I'm currently writing a blog post that uses Bayes' Law but don't want to muddy the post with a review in layman's terms. So I have something to link, here is a short description and a chance to flex my teaching muscles before the school year starts.

Bayes' Law

For those who aren't sure, Bayes' Law tells us that the probability event \(X\) occurs given we know that event \(Y\) has occurred can easily be computed. It is written as \(\text{Pr}(X \mid Y)\) and the vertical bar is meant like the word "given", in other words, the event \(X\) is distinct from the event \(X \mid Y\) (\(X\) given \(Y\)). Bayes' law, states that
\[\text{Pr}(X \mid Y) = \frac{\text{Pr}(X \text{ and } Y \text{ both occur})}{\text{Pr}(Y)}.\]
This effectively is a re-scaling of the events by the total probability of the given event: \(\text{Pr}(Y)\).

For example, if \(X\) is the event that a \(3\) is rolled on a fair die and \(Y\) is the event that the roll is odd. We know of course that \(\text{Pr}(Y) = \frac{1}{2}\) since half of the rolls are odd. The event \(X \text{ and } Y \text{ both occur}\) in this case is the same as \(X\) since the roll can only be \(3\) is the roll is odd. Thus
\[\text{Pr}(X \text{ and } Y \text{ both occur}) = \frac{1}{6}\]
and we can compute the conditional probability
\[\text{Pr}(X \mid Y) = \frac{\frac{1}{6}}{\frac{1}{2}} = \frac{1}{3}.\]
As we expect, one out of every three odd rolls is a \(3\).

Bayes' Law Extended Form

Instead of considering a single event \(Y\), we can consider a range of \(n\) possible events \(Y_1, Y_2, \ldots, Y_n\) that may occur. We require that one of these \(Y\)-events must occur and that they cover all possible events that could occur. For example \(Y_1\) is the event that H2O is vapor, \(Y_2\) is the event that H2O is water and\(Y_3\) is the event that H2O is ice.

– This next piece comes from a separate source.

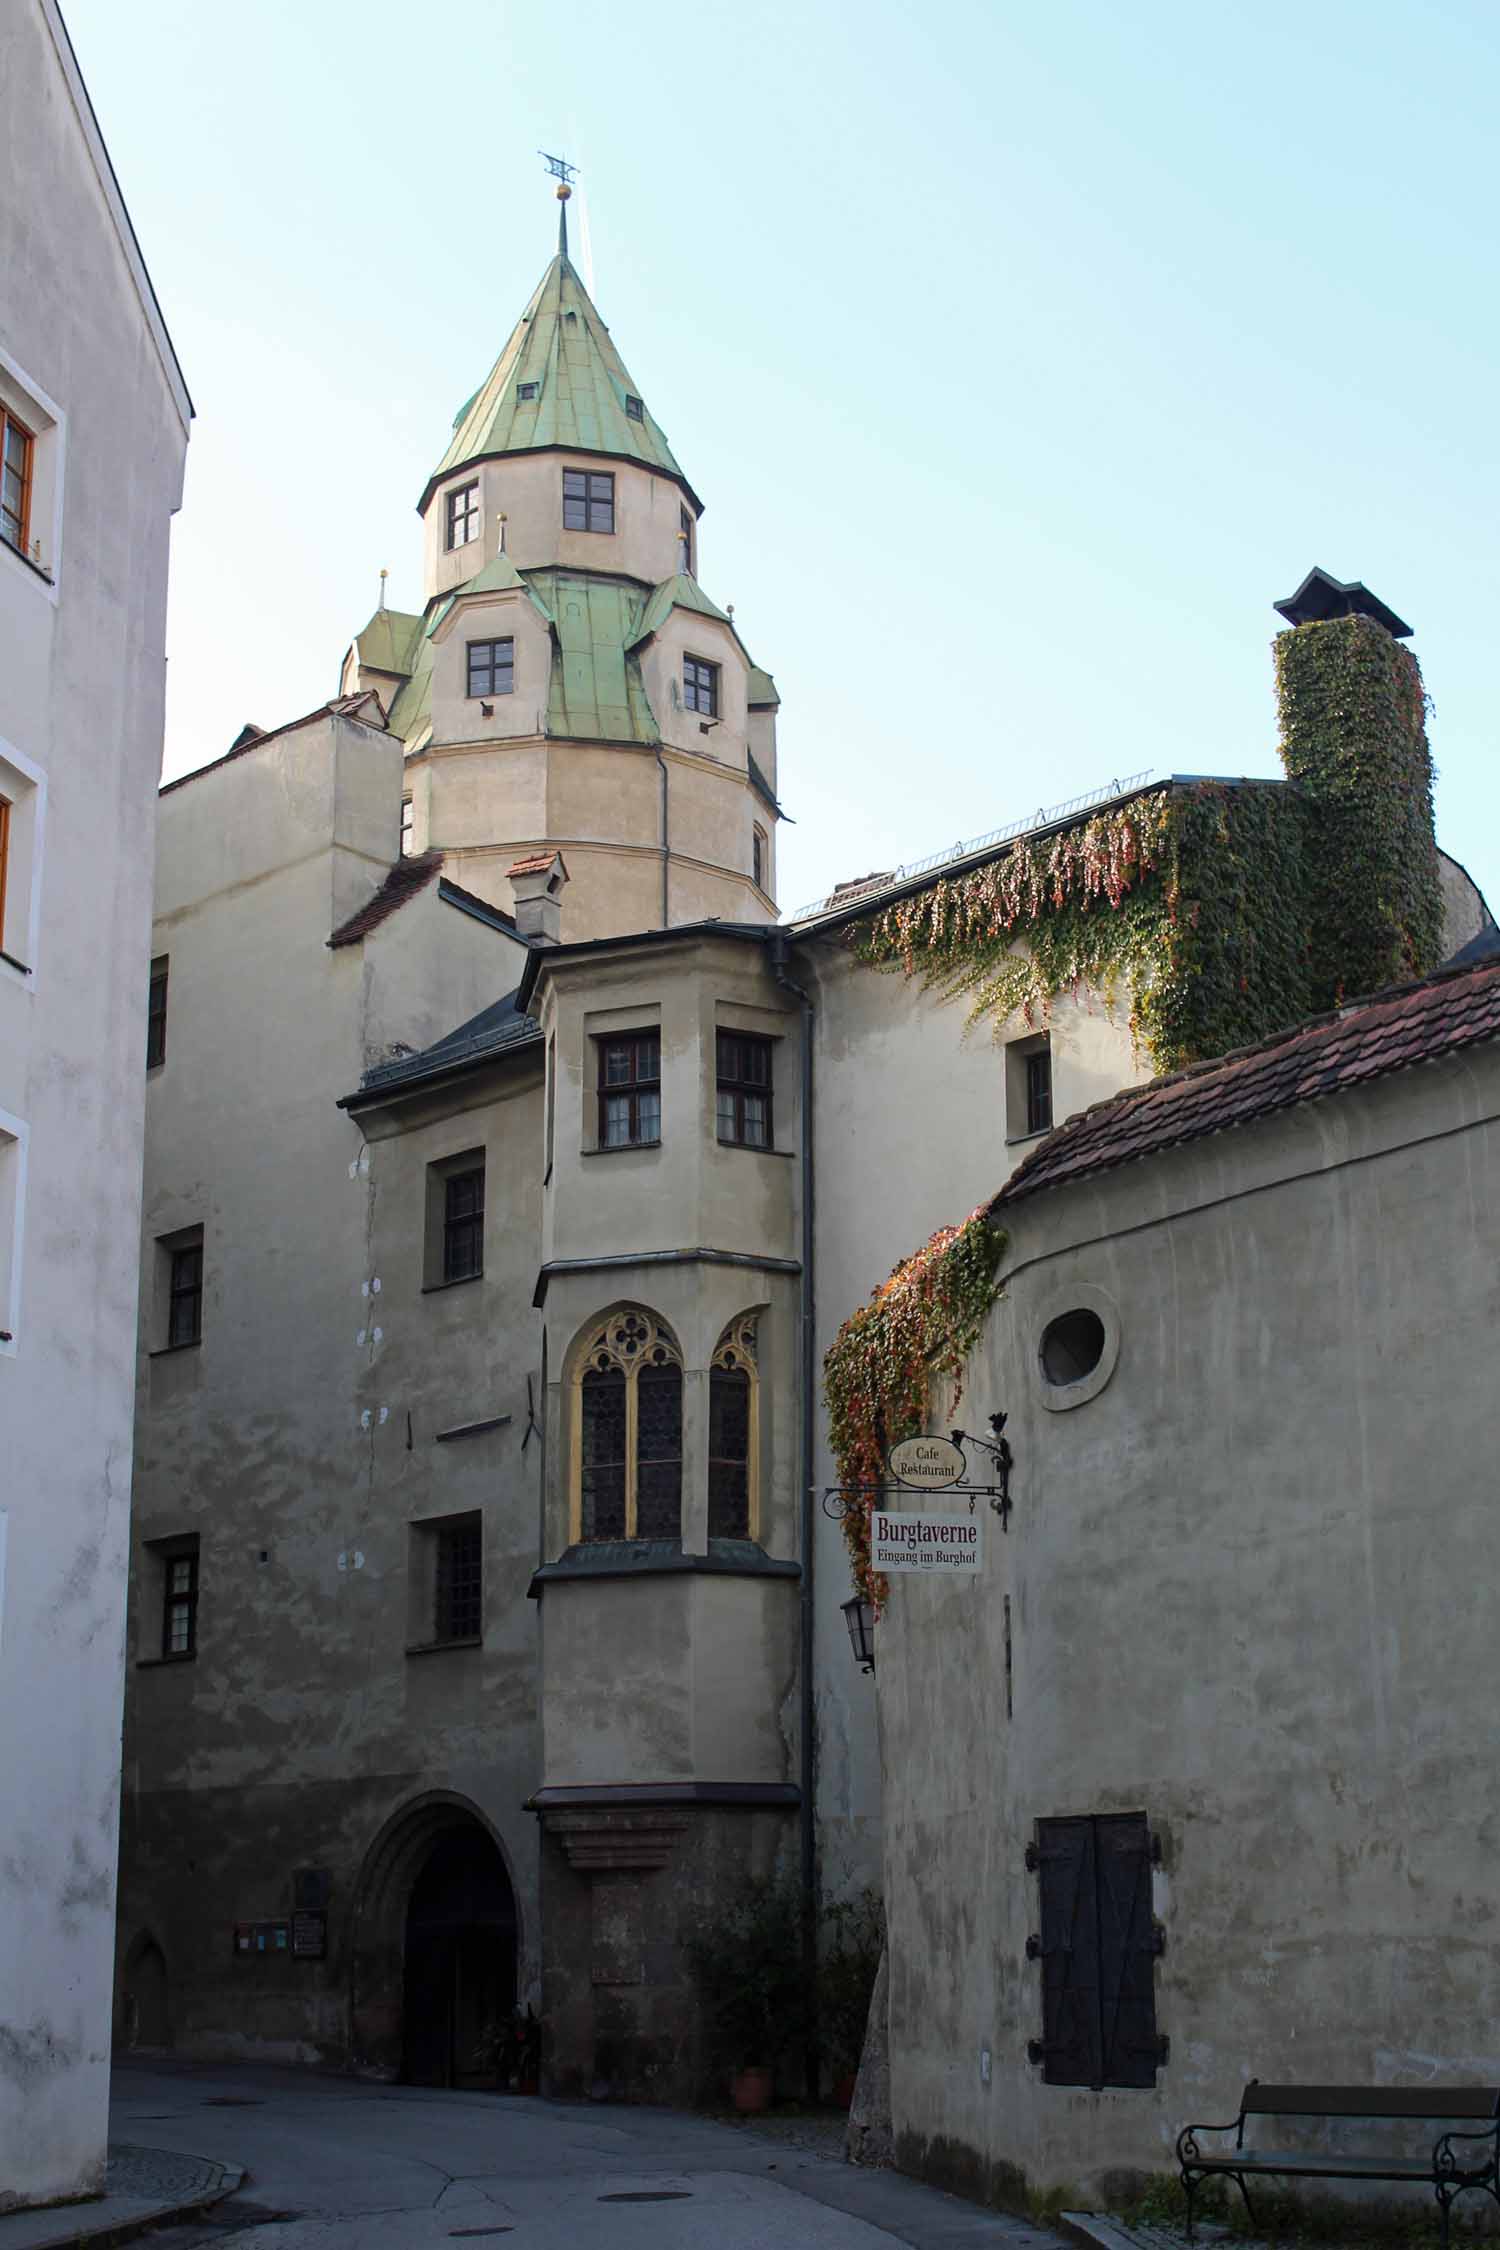 Hall en Tyrol, Château Hasegg

In such a case we know that since the \(Y\)-events are distinct
\[\text{Pr}(X) = \text{Pr}(X \text{ and } Y_1 \text{ both occur}) + \text{Pr}(X \text{ and } Y_2 \text{ both occur}) + \text{Pr}(X \text{ and } Y_3 \text{ both occur}).\]
Using Bayes' law, we can reinterpret as
\[\text{Pr}(X \text{ and } Y_j \text{ both occur}) =  \text{Pr}(X \mid Y_j) \cdot \text{Pr}(Y_j)\]
and the above becomes
\[\text{Pr}(X) = \text{Pr}(X \mid Y_1) \cdot \text{Pr}(Y_1) + \text{Pr}(X \mid Y_2) \cdot \text{Pr}(Y_2) + \text{Pr}(X \mid Y_3) \cdot \text{Pr}(Y_3).\]
The same is true if we replace \(3\) with an arbitrary number of events \(n\).